Chestnut tiramisu
>> Friday, December 17, 2010
This is a variation on the classic, irresistible and delicious tiramisu, inspired by a recipe of Elle à table (this online magazine has some wonderful recipes, I strongly recommend it if you understand some French) an Italian dish sieved through the French love for chestnuts or marrons. I've modified it because the amount of added chestnut seemed simply ridiculous to me and because the eggs were added without separating whites from yolks and with little mixing, I preferred to separate the whites from the yolks, beating those until stiff as per the traditional method and make a custard with the yolks to increase slightly the conservation period of the tiramisu (I guess the true method of using the raw yolks does not give much leeway for conservation). In short, after cutting here and adding there, in the end the recipe only slightly resembles the original. But I assure you it is a terrific dessert for Christmas as it can be prepared the day before the big feast, leaving time for the yummy ladyfingers to thoroughly soak the syrup and for the custard-mousse to settle. It looks as if I had a lazy day, because I prepared the tiramisu with store-bought ladyfingers, store-bought mascarpone and store-bought chestnut puree... you can not be superwoman full time.
Chestnut tiramisu
Yields 8 large servings
* You can replace the total weight of the puree plus the agave syrup for sweetened chestnut puree or chestnut compote, ie, 220 g, eliminating the agave. Naturally, I recommend testing the sweetness of the cream before adding the egg whites, and add more sugar or syrup if necessary. If you prepare the recipe with sweetened chestnut puree, I recommend to use powdered sugar to adjust the sweetness, because plain sugar will not dissolve well in the custard-cream-cheese mixture.
I assure you that the day I prepared it, the dessert was a hit with my guests. The result is a feathery airy and smooth cream with a subtle chestnut flavor, nicely complemented with the wet and sweet ladyfingers. Ideal to impress anyone and an elegant dessert for the holiday ahead of us.
17 comentarios:
What an elegant dessert! Never had it with chestnuts before.
This version of tiramisu is simply divine!

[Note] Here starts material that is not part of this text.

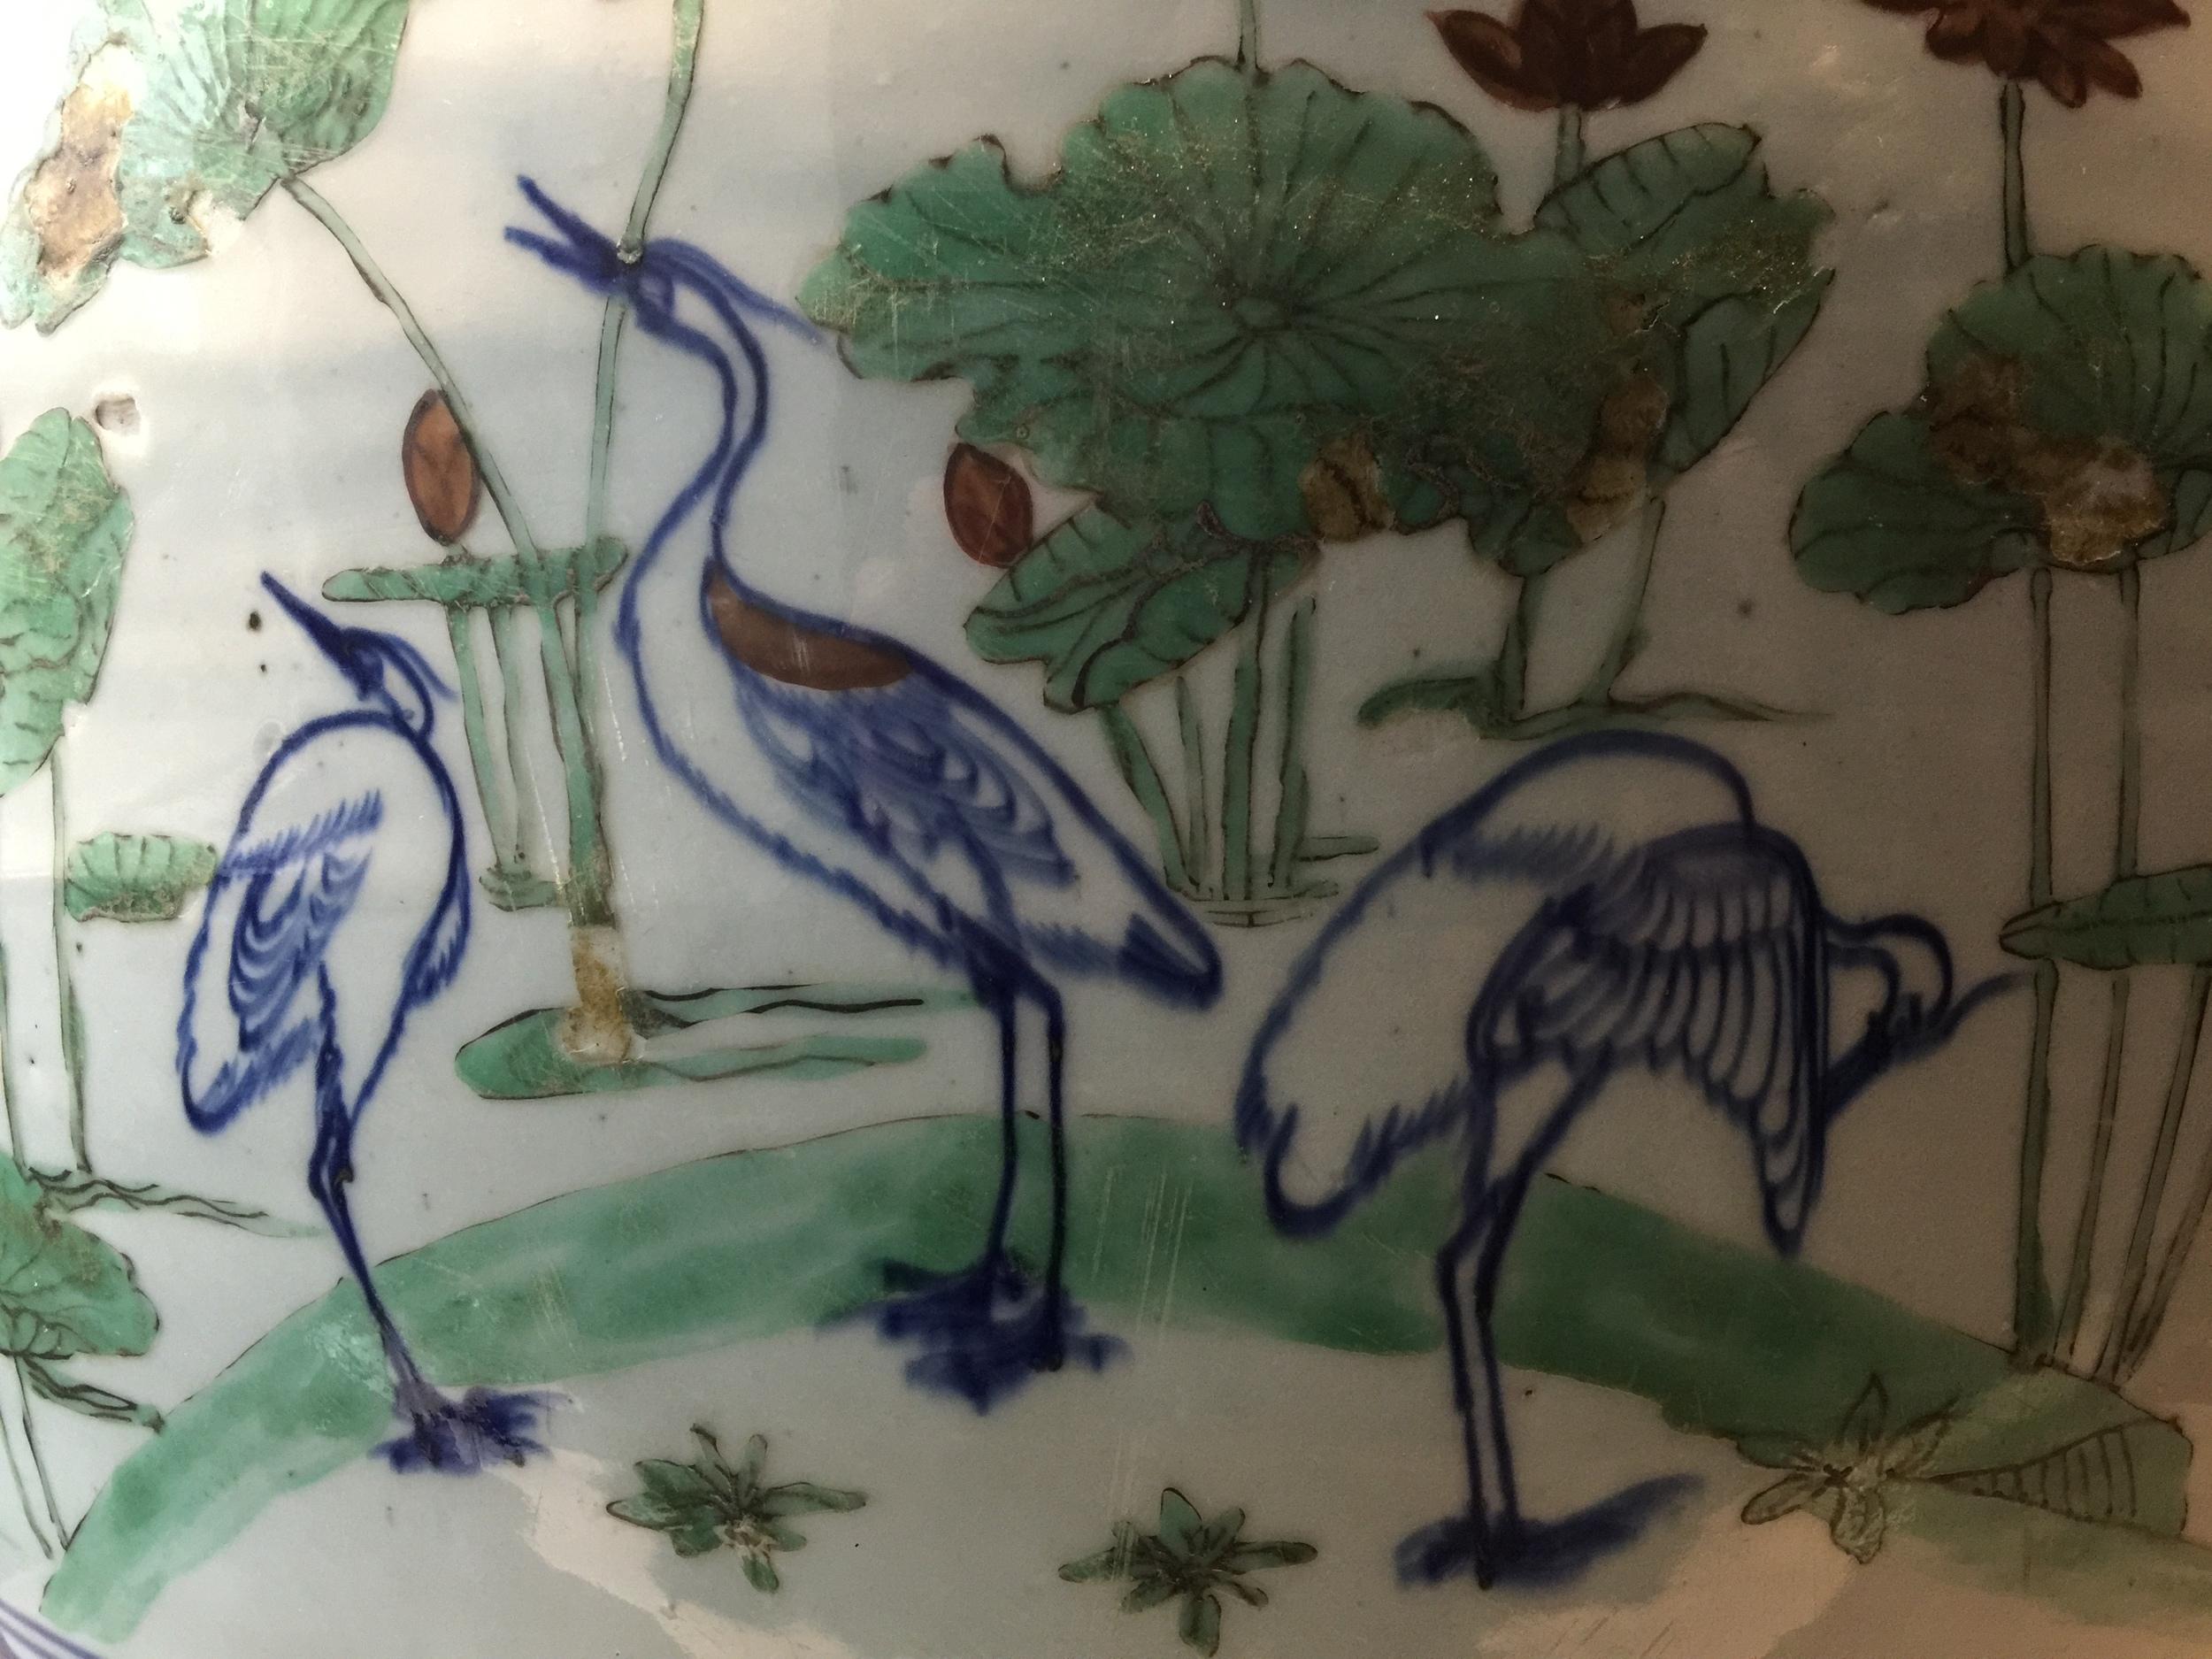 Chinese-Porcelain-British-Museum-Percival-David-jessewaugh.com-31.jpg
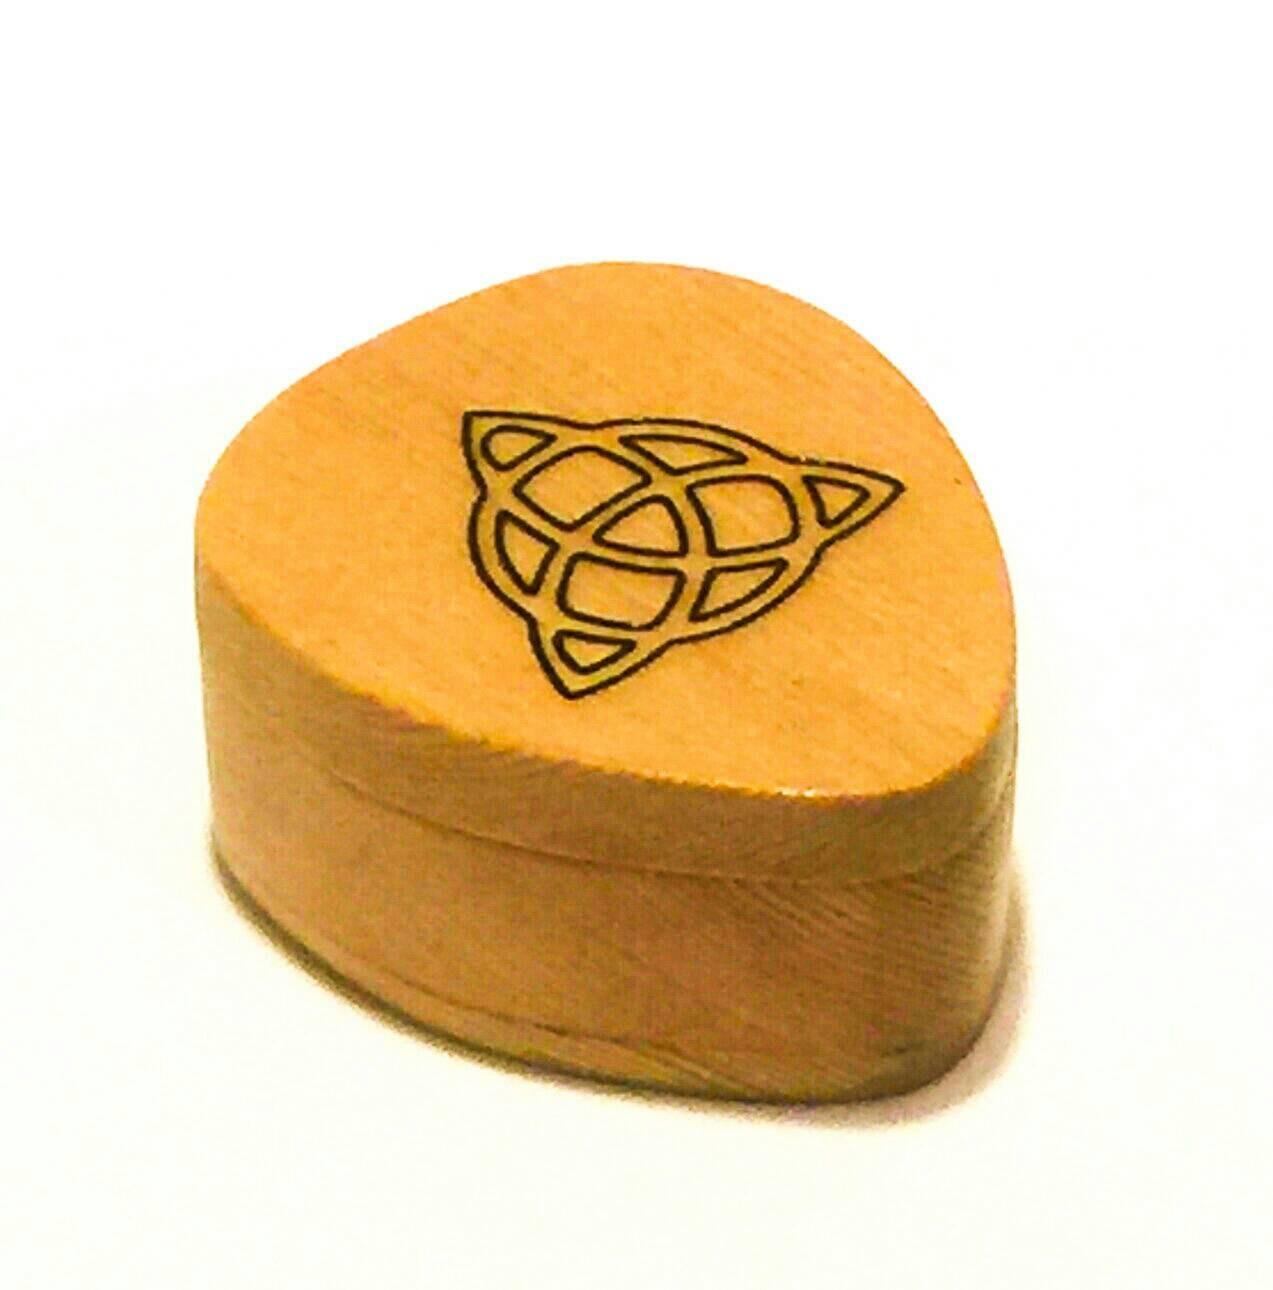 guitar pick box wooden guitar pick box pick holder pick etsy. Black Bedroom Furniture Sets. Home Design Ideas

Miriam, I had tiramisu at a Christmas party last night. It was wonderful because it wasn't too sweet. I like the chestnut twist you added; it makes it very Christmas-y!
Nisrine
This is stunning! I have recent;y coked with chestnuts for the first time believe it or not, on;y in a savory dish. I am completely won over by them and this this is just a luscious and light application. (And gorgeous photos as always.)
ah ah you did our italian tiramisu with the chestnuts! :) wonderful idea
do you know our cake with the chestnuts Mont Blanc? I love it!
I just finished writing my post about Marrons Glacés and Crème de Marrons when I came across your post - how beautiful!
Oh my goodness, this sounds genius!
I completely agree with the changes you have made..Elle à Table is great for ideas, as you say, but we have to check...sometimes not that reliable in quantities or methods!
In any case, great job for you!! I'm sure it is delicious!!
omg this recipe looks perfect for falling in love with tiramisu all over again. Of course it helps that I LOVE chestnuts :)
Beautiful!!! I just love this version of Tiramisu!
Te quedo PRESIOSO!
Abrazotes,
Aldy.
This has me craving chestnuts! Sounds like a fantastic dessert.
Miriam,
Can you believe I have never had a chestnut. This recipe might be enough to change that! Hope you are getting caught up on all your Holiday preparations. Happy Holidays!
-Nicole
I've never tasted chestnuts but looking at this lovely dessert makes me wish I could find them here
I've made something similar except it was more like a mousse than a tiramisu. However the chestnutty result has me searching for more sweety recipes to use this lovely nut. It's unique and yummy. thanks for posting reciep! Will try!
Wow, what a great way to enjoy chestnuts.
Oh my, that REALLY looks yum!
and as usual some gorgeous photographs!
Whoa it looks SO airy, SO fluffy! What a heavenly texture! I love chestnuts - last winter I had a lot of them, but not this year... with a baby stroller, my shopping area is very limited, and the nearest supermarket offers quite a poor choice of foods. I've always thought I preferred "unprocessed" chestnuts, just roasted; but your tiramisu makes me think I was wrong.